(TASK DATA Opens)

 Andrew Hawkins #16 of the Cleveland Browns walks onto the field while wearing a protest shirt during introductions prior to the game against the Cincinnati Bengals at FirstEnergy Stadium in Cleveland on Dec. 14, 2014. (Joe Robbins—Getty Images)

(TASK DATA Closes)
(TASK DATA Opens)

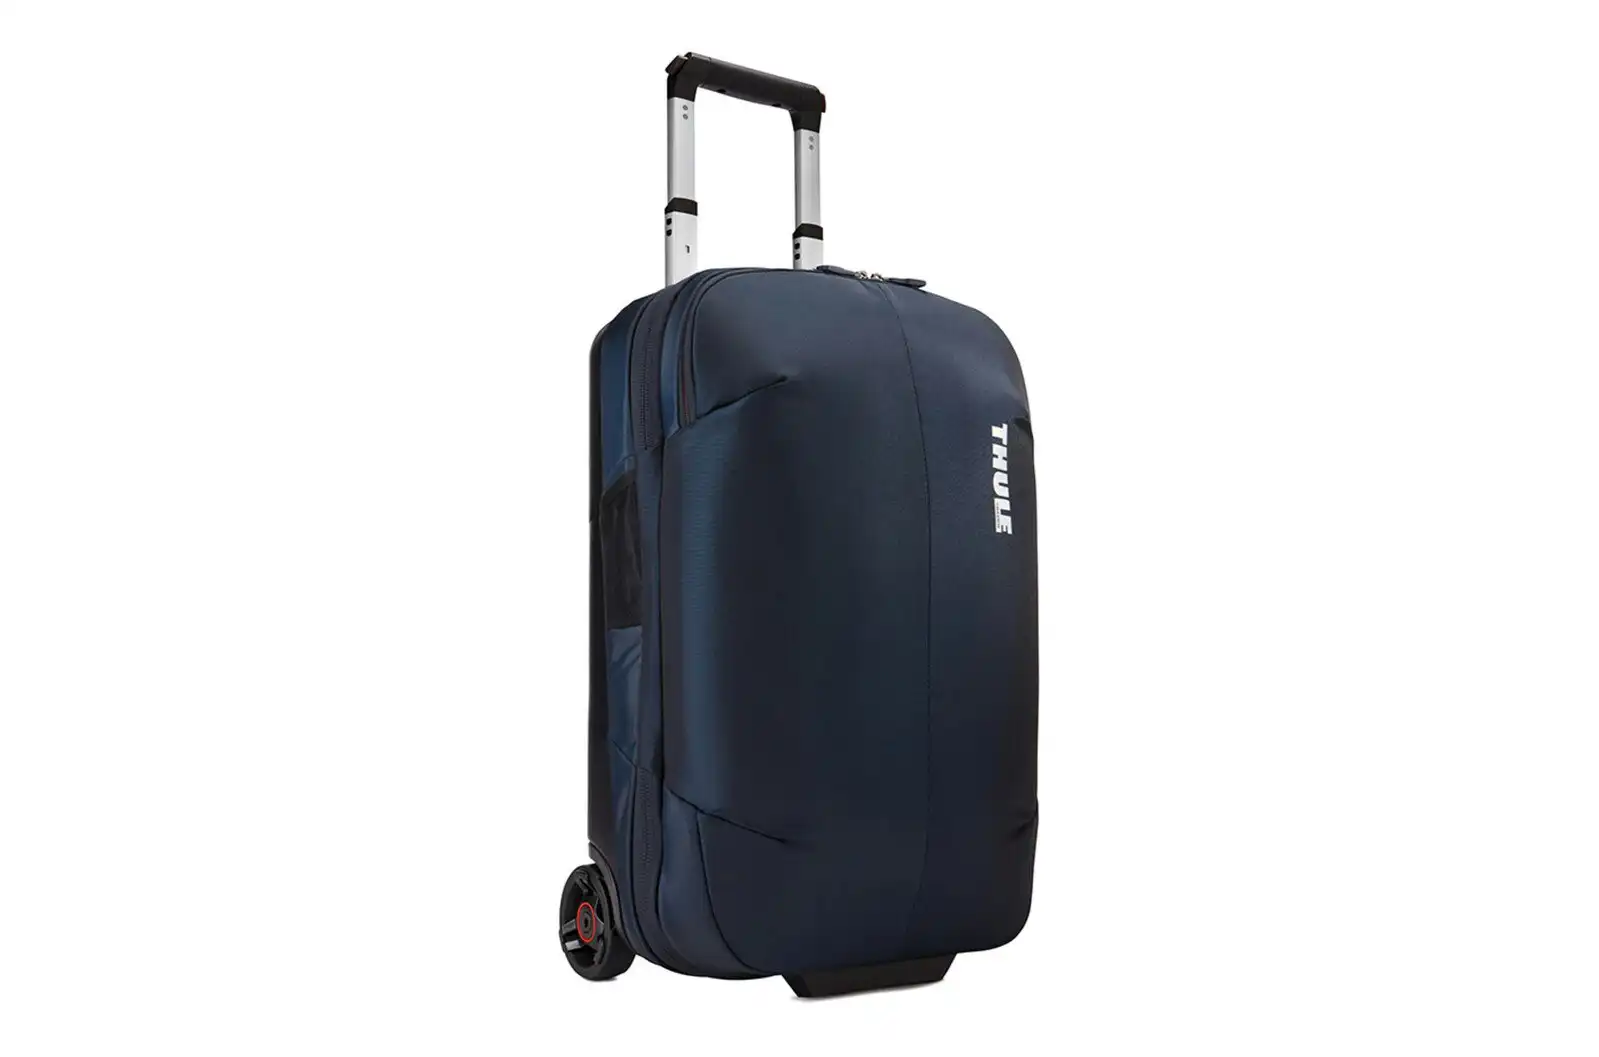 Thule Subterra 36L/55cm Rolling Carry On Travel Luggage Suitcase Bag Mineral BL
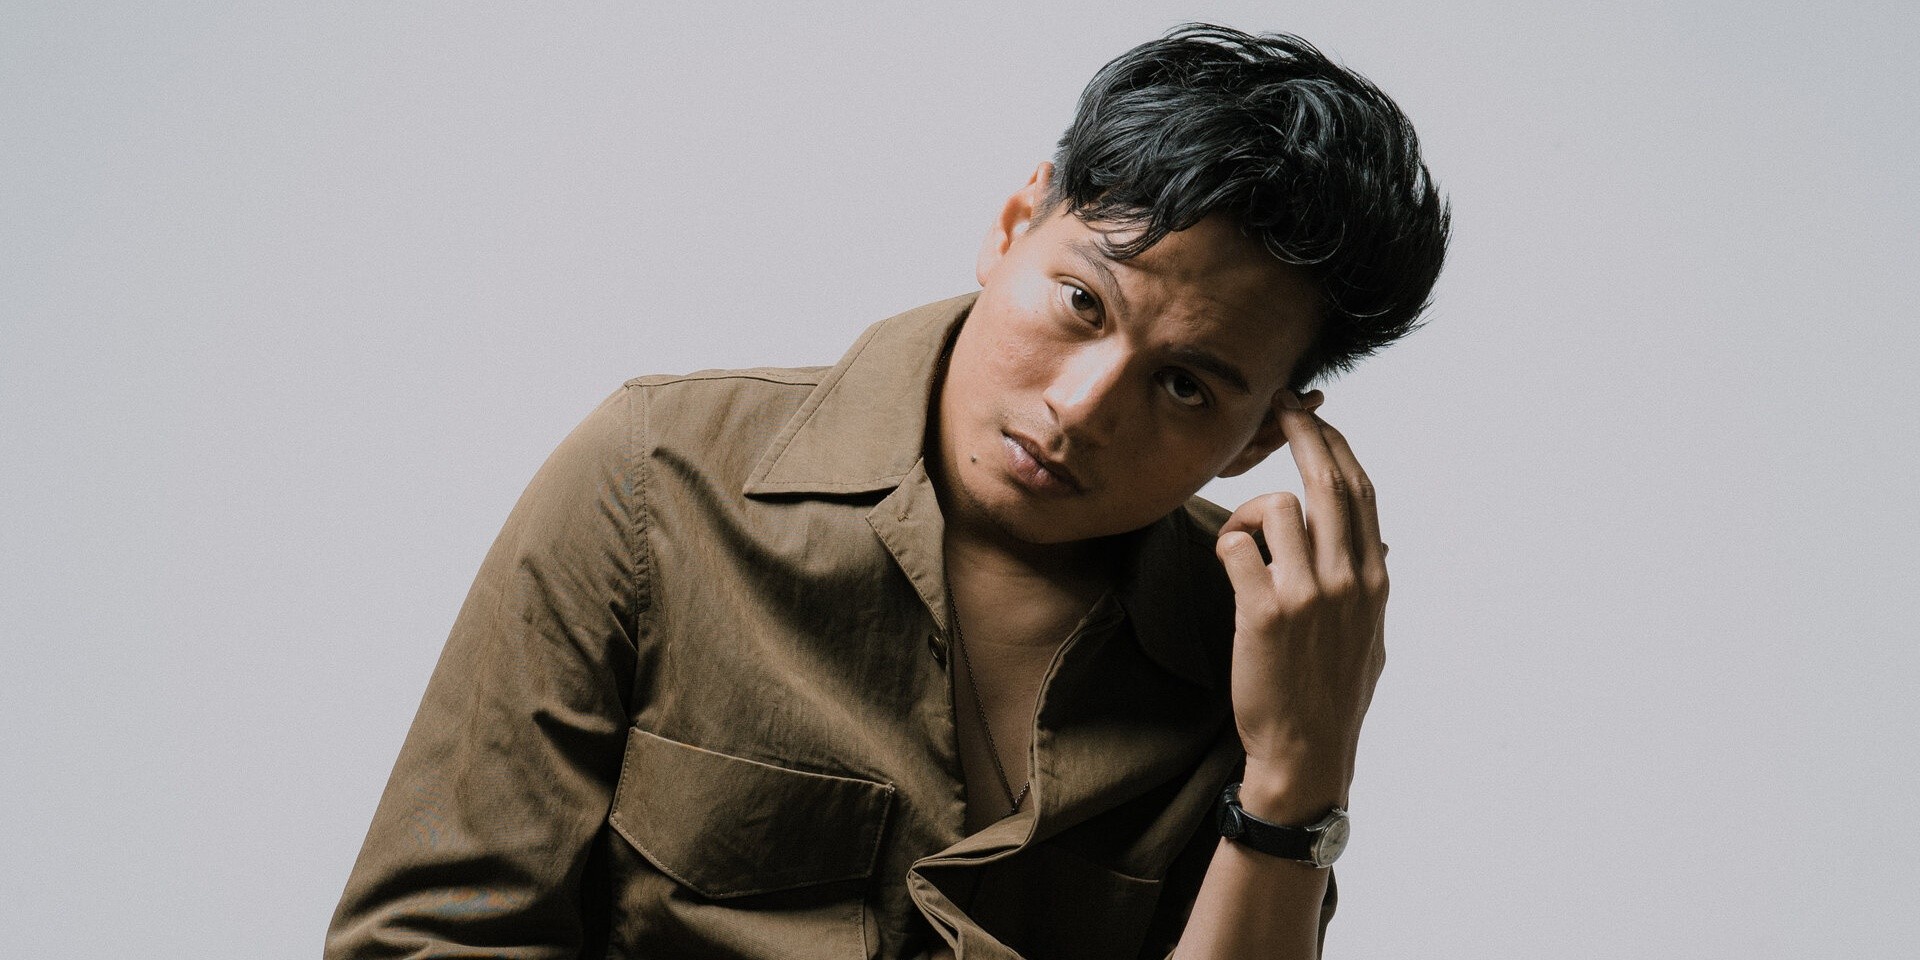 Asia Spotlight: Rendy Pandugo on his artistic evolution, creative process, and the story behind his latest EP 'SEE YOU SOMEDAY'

(TASK DATA Closes)

[WORK INSTRUCTION] Please repeat, exactly as written, the lines in the records above, starting with the one that has "Thule Subterra 36L/55cm" and going on through the one that has "Asia Spotlight: Rendy". Pictures are to be left out.

[EXERCISE RESPONSE]
 Thule Subterra 36L/55cm Rolling Carry On Travel Luggage Suitcase Bag Mineral BL
 Asia Spotlight: Rendy Pandugo on his artistic evolution, creative process, and the story behind his latest EP 'SEE YOU SOMEDAY'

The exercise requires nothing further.